WARNING- This trail's title is inaccurate. If you're seeking MN's high point, this is NOT it. Refer to other comments for guidance to true high point.

I've been there a few times, it's amazing if you're looking for solitude and very few amenities. It's vast and gorgeous wilderness. Where to start... seek an outfitter to help plan your first trip/ route.

This is an excellent trail for all skill levels. Good ankle support is necessary! The spring involves ice and mud on the trail for much of the way. Summer and fall dry out in many areas, but several wet spots remain. In the winter you can ski or snowshoe on the trail. Dogs are welcome with a leash, but make sure to bring bags to pick up dog poop or at least scrape it up and throw it 100 feet into the woods away from water sources! Near the top there is a lookout spot with excellent views; another 500 feet and you are at another lookout near the summit. The actual summit is back in the woods about 200 feet.

There are some steep areas with lots of rocks, roots, and mud to navigate, but overall this trail is in excellent condition. There are a lot of people on nice days. To avoid the crowd, get to the trailhead early to get to the summit at sunrise. After about 9am you will start to see more people on the trail.

The track available on this page is NOT the Eagle Mountain trail. It is a section of the Superior hiking trail that is by the ski resort of Lutsen.
The Eagle mountain trail is further north and connects to the Brule Lake Trail that starts by, you guessed it Brule Lake. The trail can be wet in areas.

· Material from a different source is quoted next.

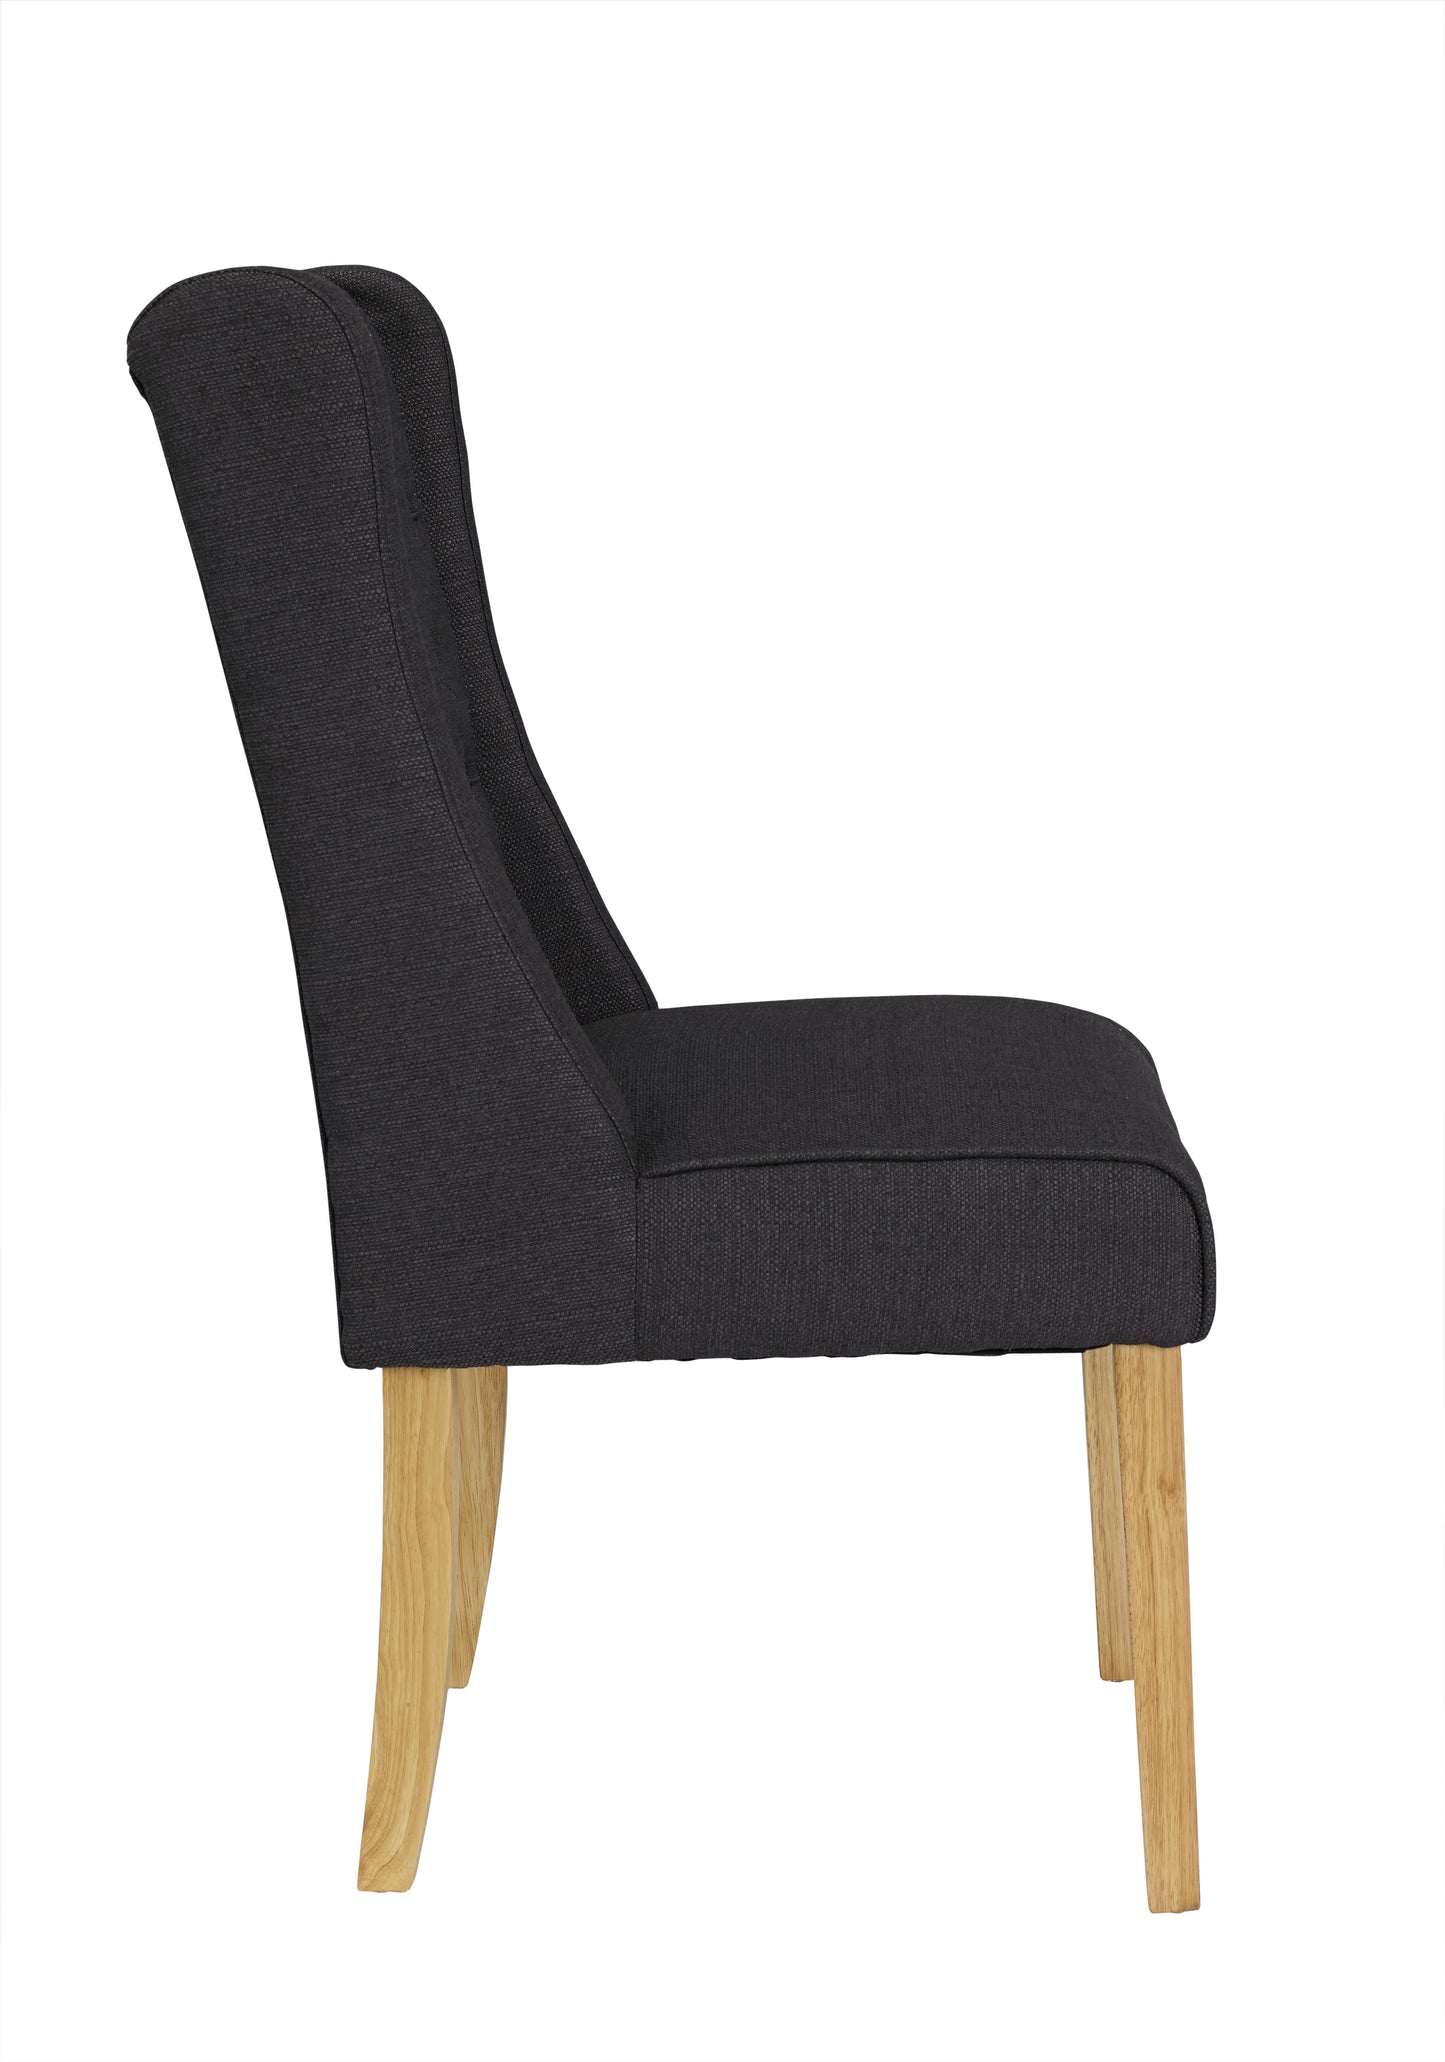 Verona Dining Chair in Charcoal (2 Pack)

There are two campsite along the trail on Whale Lake and the second campsite is the better and can hold up to 9 people. (The max group size in the BWCAW.) As this trail goes to the highest point in Minnesota and is fairly short it is a well traveled trail and see a lot of use as a day hike.

I spent almost two weeks, canoeing, hiking and camping. I met two bears, lots of chipmunks, squirrels, birds and mosquitoes. Oh yes, all the jokes about mosquitoes being the Minnesota state bird are well earned. The wild blueberries were in season when I was there so I had plenty of fresh fruit to go with my dehydrated camping foods.